Polimerize bir sayfa jel sandviç hazırlayarak başlayın. Kelepçeleri ve kağıt bant katmanlarını çıkarın ve tarağı yavaşça çıkarın. Kuyuları damıtılmış suyla iyice durulayın.
Jel sandviçi dikey elektroforez aparatına doğru şekilde yerleştirin. Üst ve alt rezervuarları TBE tamponu ile doldurun. Jel elektroforezinin 50 watt'ta en az 30 dakika ön çalışmasını gerçekleştirerek plakaları ısıtın.
Bu arada, kurutulmuş numuneleri beş mikrolitre denatüre edici jel yükleme tamponunda yeniden süspanse edin.

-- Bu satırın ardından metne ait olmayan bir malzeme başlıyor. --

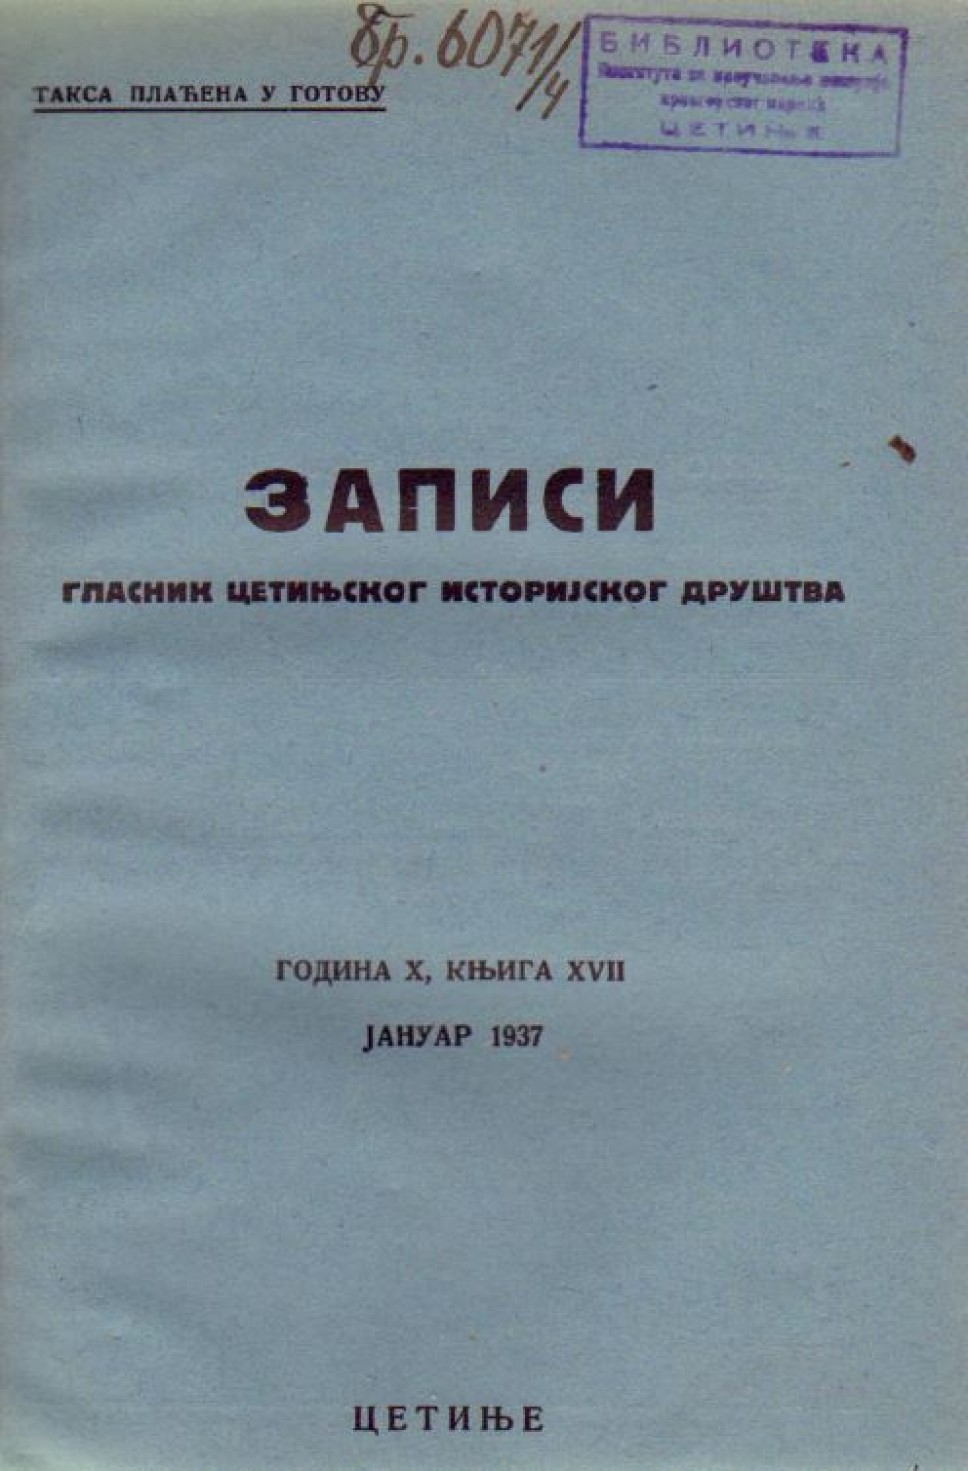 Zapisi 1937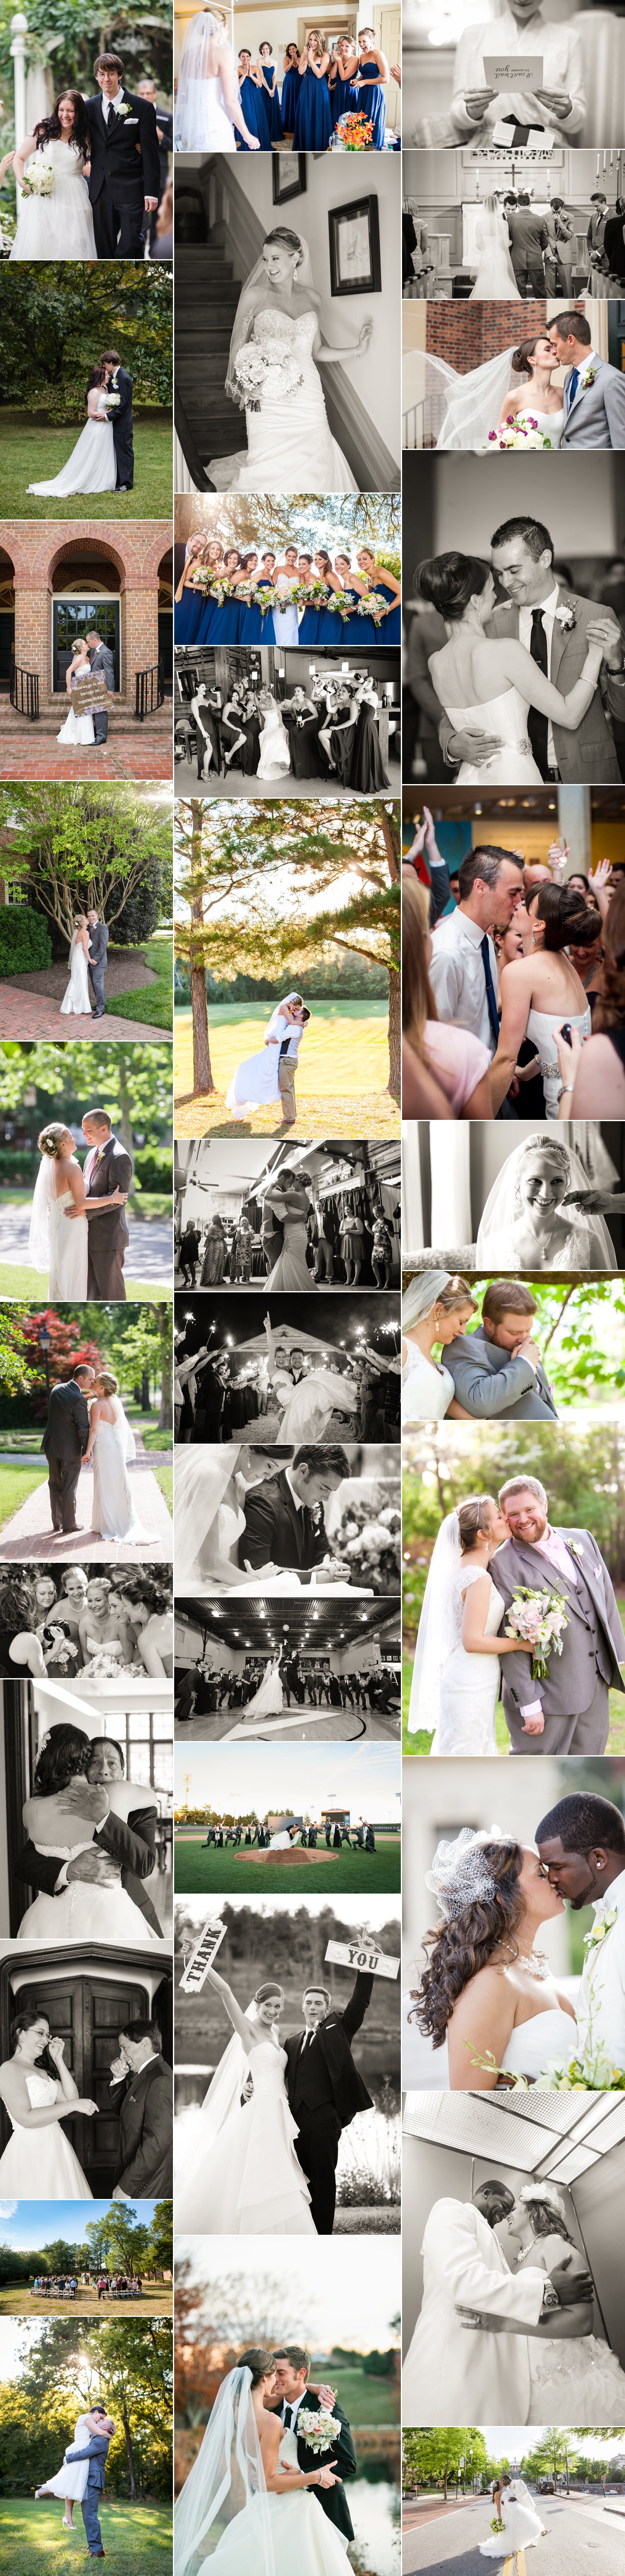 2014-Year-Review-Weddings_0004.jpg

Daha sonra, üreyi jelin kuyularından boşaltmak için TBE tamponu ile doldurulmuş küçük bir şırınga kullanın. Şimdi numuneleri temiz kuyucuklara yükleyin ve yükleme kokusunu not edin.

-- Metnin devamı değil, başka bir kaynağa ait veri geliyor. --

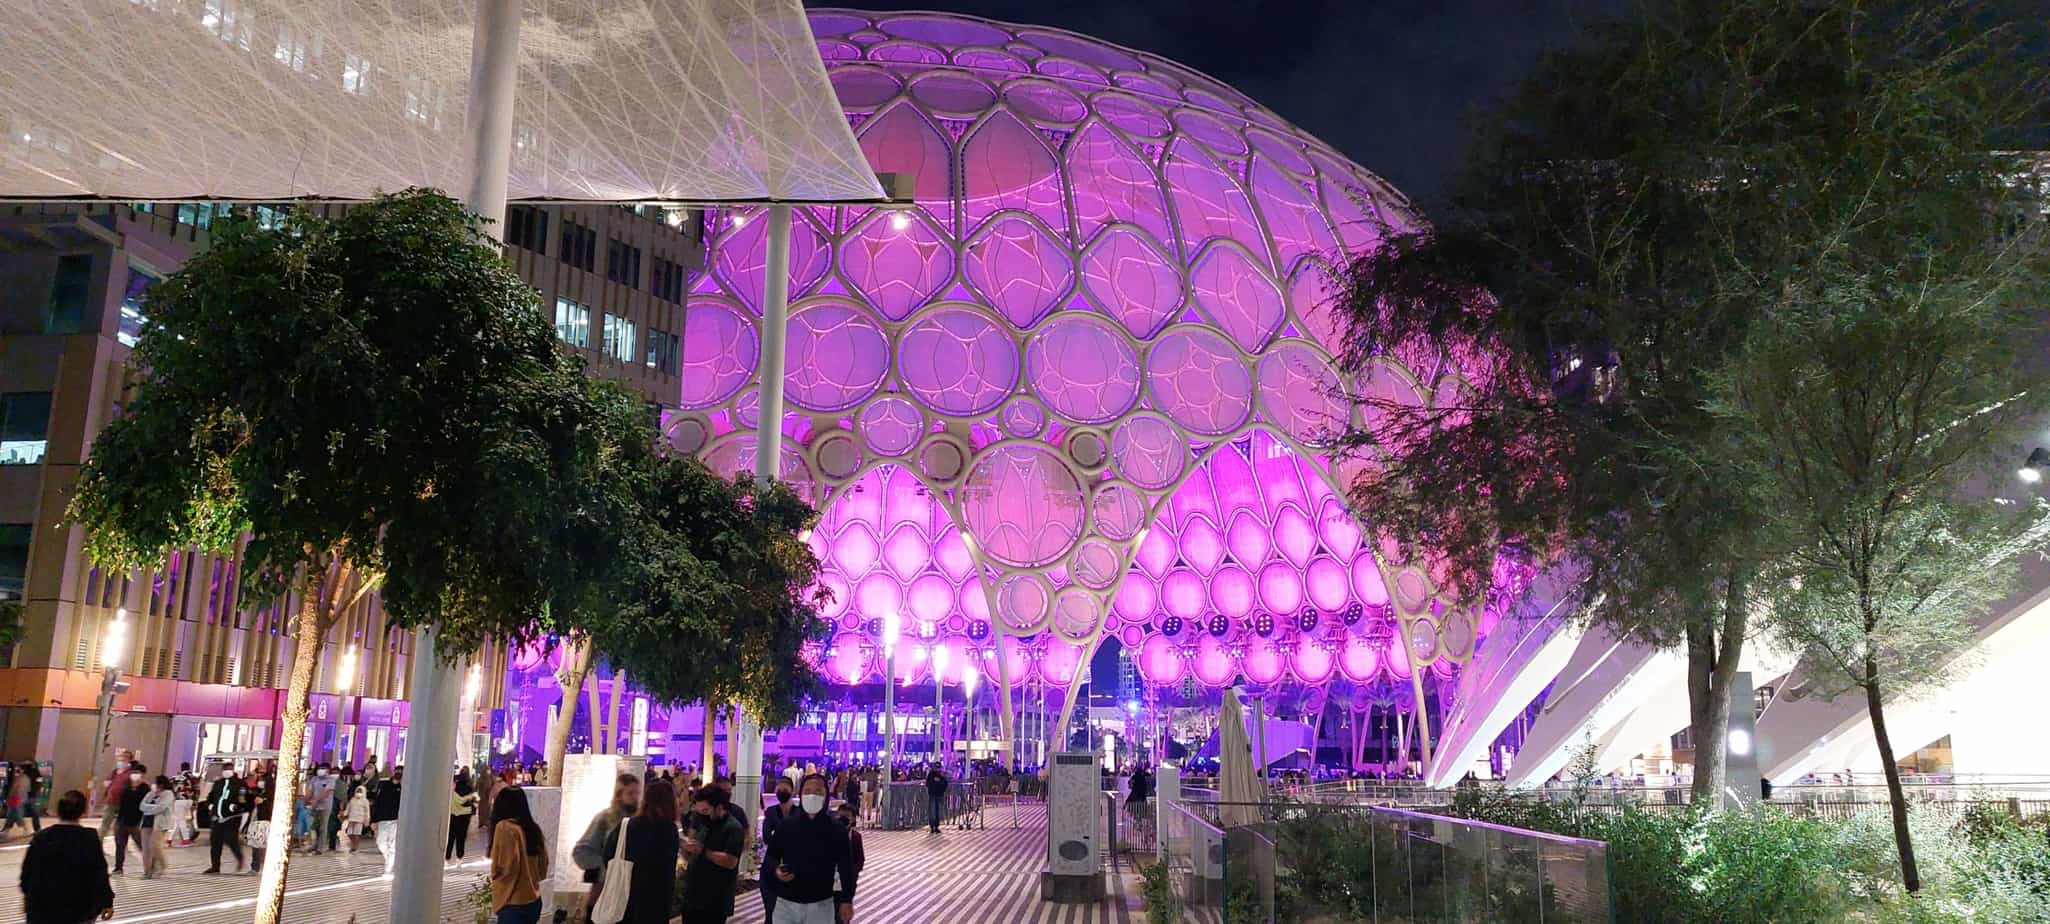 Bezoek Expo 2020 Dubai tijdens een citytrip

Jeli iki saat boyunca 50 watt'ta veya bromofenol mavisi boya jelin 2 / 3'ünü tüketene kadar çalıştırın. Elektroforezden sonra, güç kaynağını kapatın, cam sandviçi dikkatlice çıkarın ve cam plakaları temizleyin. FAM etiketli oligonükleotid bantlarının floresansını tespit etmek için jeli bir jel görüntüleyiciye yerleştirin.

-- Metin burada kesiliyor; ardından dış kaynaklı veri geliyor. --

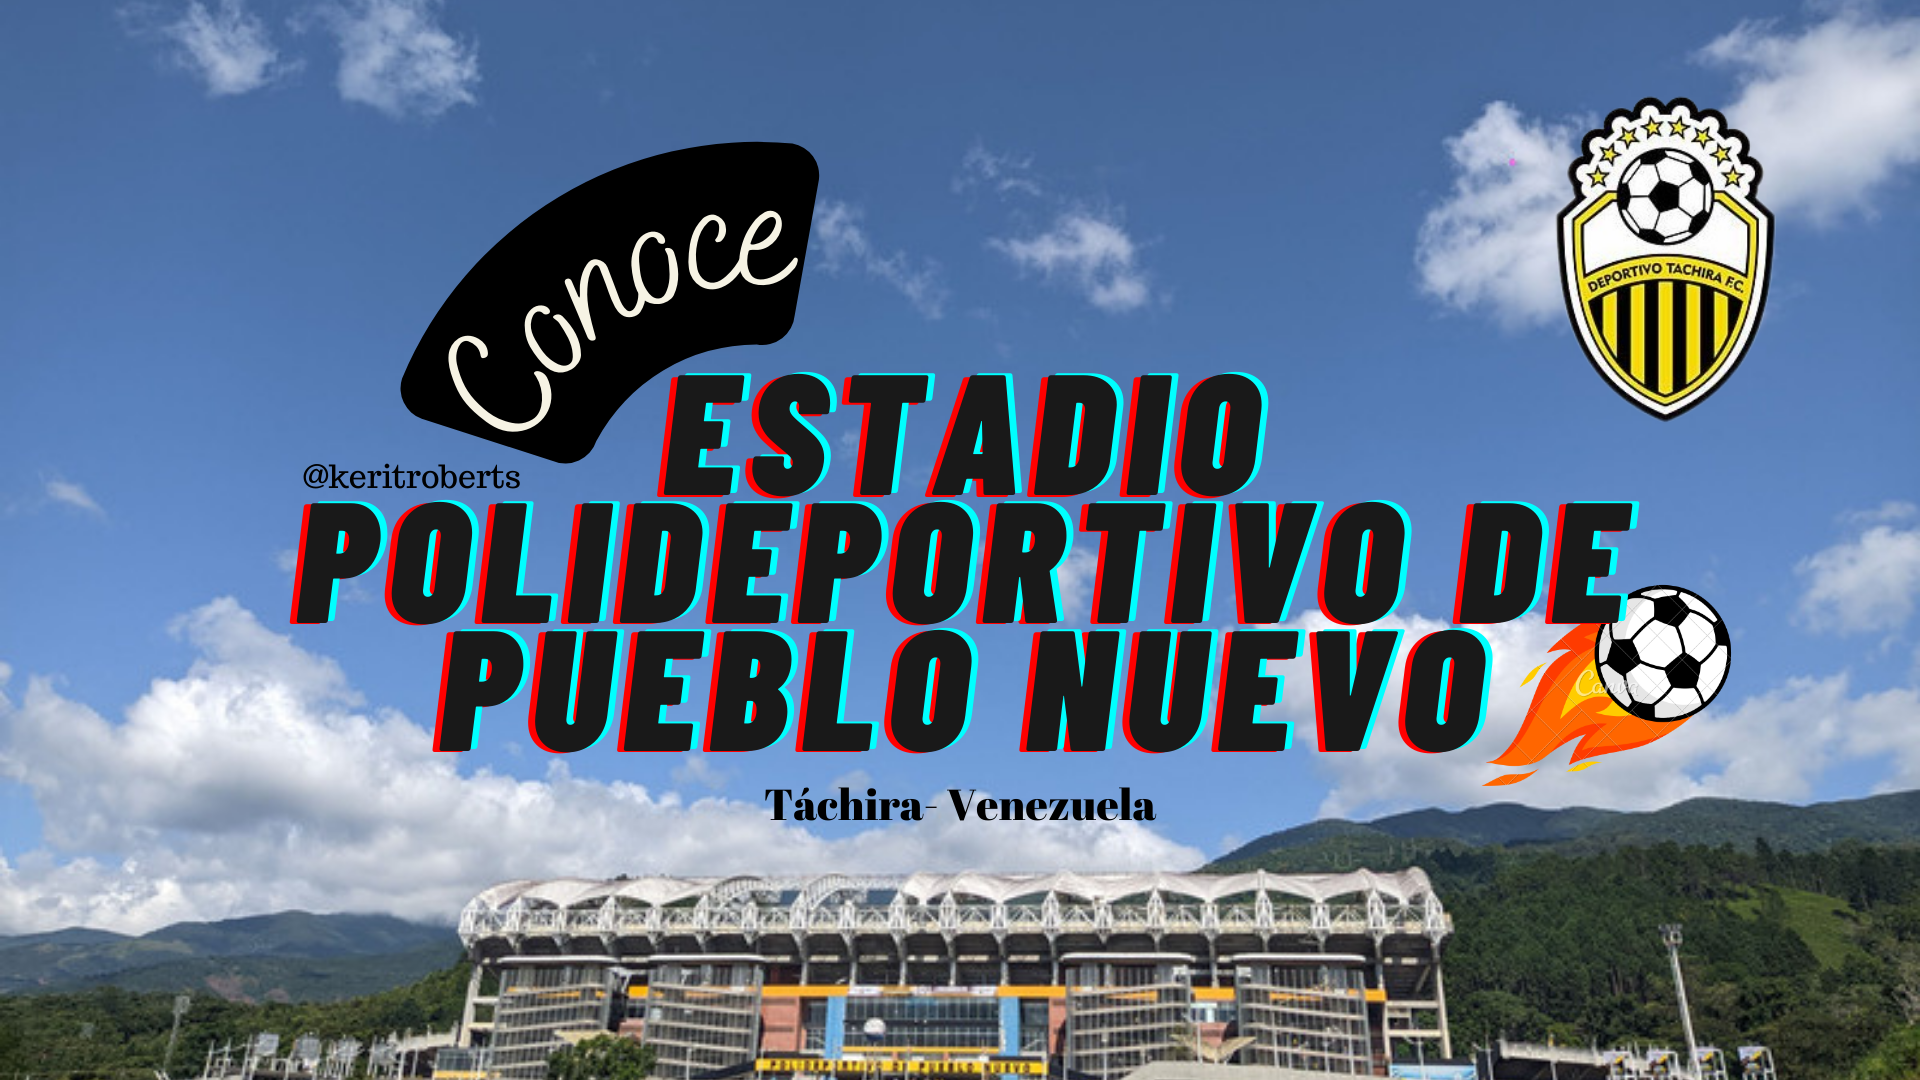 Estadio_Polideportivo_de_Pueblo_Nuevo_tachira_venezuela.png

Bir, dört ve 15 saatlik inkübasyondan sonra, beş veya 50 Mikromolar Bsep 1, iki mikromolar G4 TBA, tek sarmallı TBA ve çift sarmallı TBA numunesi ile reaksiyona girdi. Her numune seti için kontroller yüklendi. G4 TBA substratı, alkilasyon ve müteakip telli bölünme için sadece G8'in mevcudiyeti nedeniyle yalnızca bir alkilasyon eklentisi gösterdi.
Tüm guaninler Bsep reaksiyonuna duyarlı olduğundan, tek ve çift sarmallı TBA'da çoklu eklentiler ve bölünme ürünleri bantları gözlendi. Sondalama reaksiyonu ve tris tamponu, istenmeyen nükleofillerin varlığı nedeniyle verimsiz kimyasal haritalama ile sonuçlandı ve bu da proprioaktivitenin azalmasına neden oldu. G4 TBA örnekleri sadece telli bölünme olmadan addukt oluşumunu gösterdi.
Tek ve çift sarmallı TBA için, sadece 24 saatlik bir inkübasyon, Tris'siz 15 saatlik parçalanma ile karşılaştırılabilir şekilde DNA parçalanmasına yol açtı.